Exploits that jump to existing code (let's say IIS had a downloadAndExecuteFile function somewhere) could escape detection most of the time of course, because they'd just jump to an allowed location, but if your exploit code itself does anything fancy, it could be caught.

This is what my prof said when I asked:

Chris,
This would help with that particular exploit. However, some
OS's such as Linux actually depend on being able to run
user code on the stack in order to process signal handlers,
so somehow you'd have to allow for this. Also, there are
other exploits that execute existing code and others that
work by overwriting heap and .data buffers that would slip by.

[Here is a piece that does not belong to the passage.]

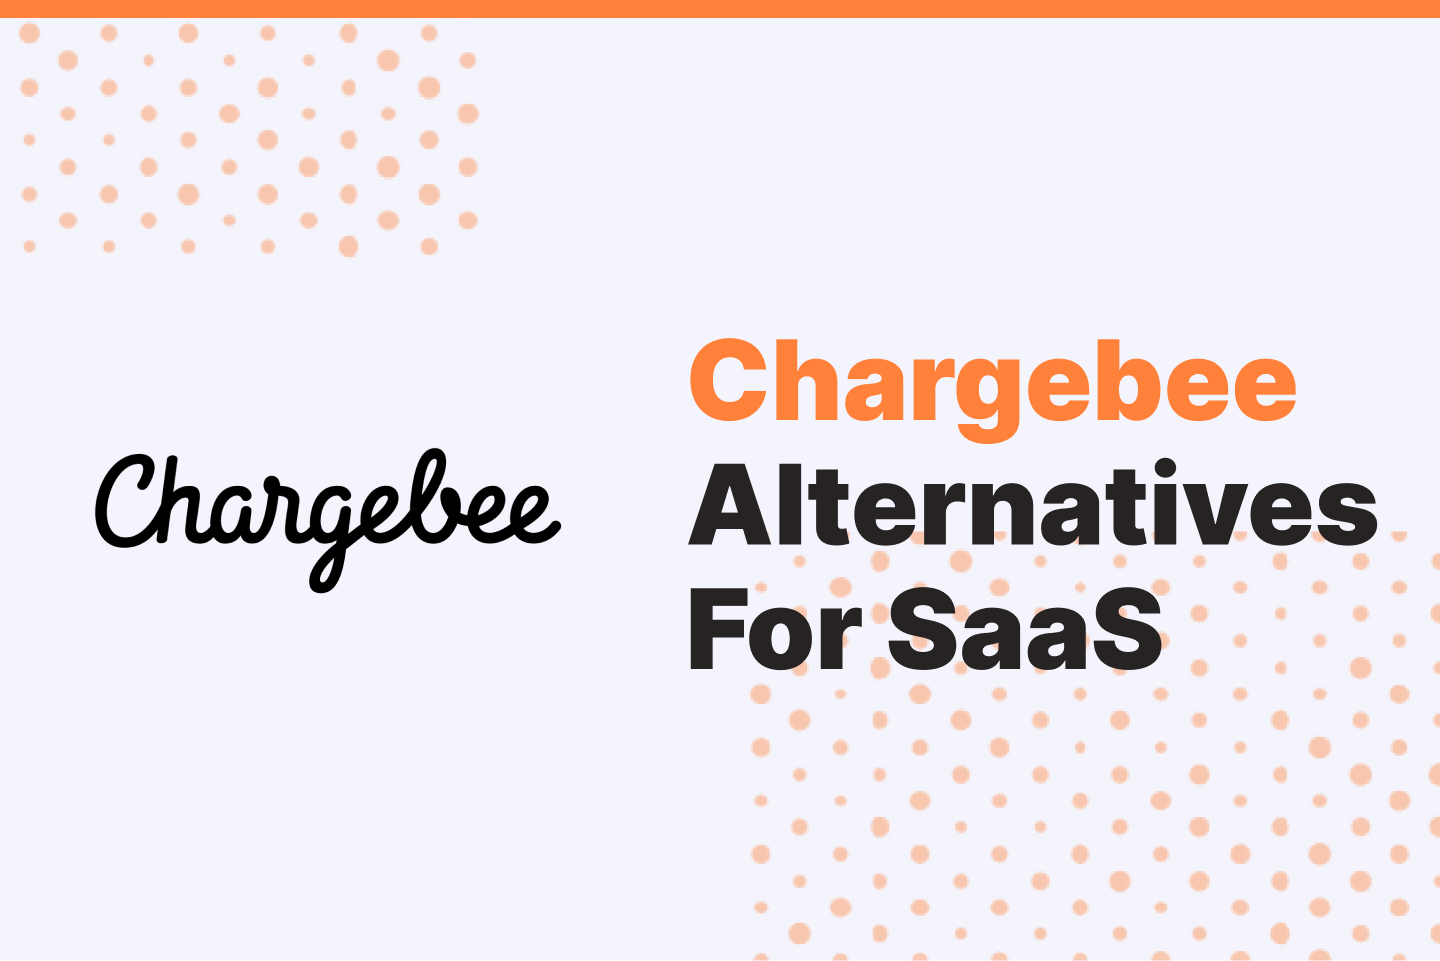 8 Chargebee Alternatives That Might Be A Better Choice

edit2: I won't post my exploits because I know at least a few schools use this same assignment... but if you want to talk about it, pm me or AIM/ICQ me.

 

[sao123]

ok i see we're now saying the same thing...What I was saying is that you could could have put your code anywhere in the available memory page and used that address as a return segment. This is especially useful if you can replace an existing DLL with an exploited one, you could return to an address in your dll directly in this case.

but just for convenience you placed your 1st exploit instruction on the stack and made the return pointer point to the stack, a very sensible thing to do if your exploit code is small...even using just an additional jump statement to the real exploit code block. Very well done.
I will PM you soon, as I wish to seek further details about this assignment. I may want to include it in my curriculum for next semester.

 

[kylef]

Your professor is correct: some obscure algorithms depend on being able to run code in the stack. It has been proposed that the stack should be marked no-execute and these algorithms be rewritten, but it seems like backwards compatibility always wins out. (and it doesn't help that Intel x86 has no capability to mark pages no-execute in hardware unlike Itanium)

VS.NET offers a new C/C++ compiler flag (/RTCs) that performs stack frame error checking. If you look at a disassembly of the code it generates for function calls, you'll see something like the following:

1. Push the return address on the stack
2. XOR the return address with some kind of key and store the resulting hash in a different location (not the stack)
3. Execute the function call
4. Before returning, compute another hash of the stack's return address; compare this new hash to the one computed and stored by the caller; if the two match, return normally. Otherwise, throw an exception.

That's basically it in a nutshell. Obviously, this does nothing for heap attacks, but there are other checks you can do for heap overrun detection.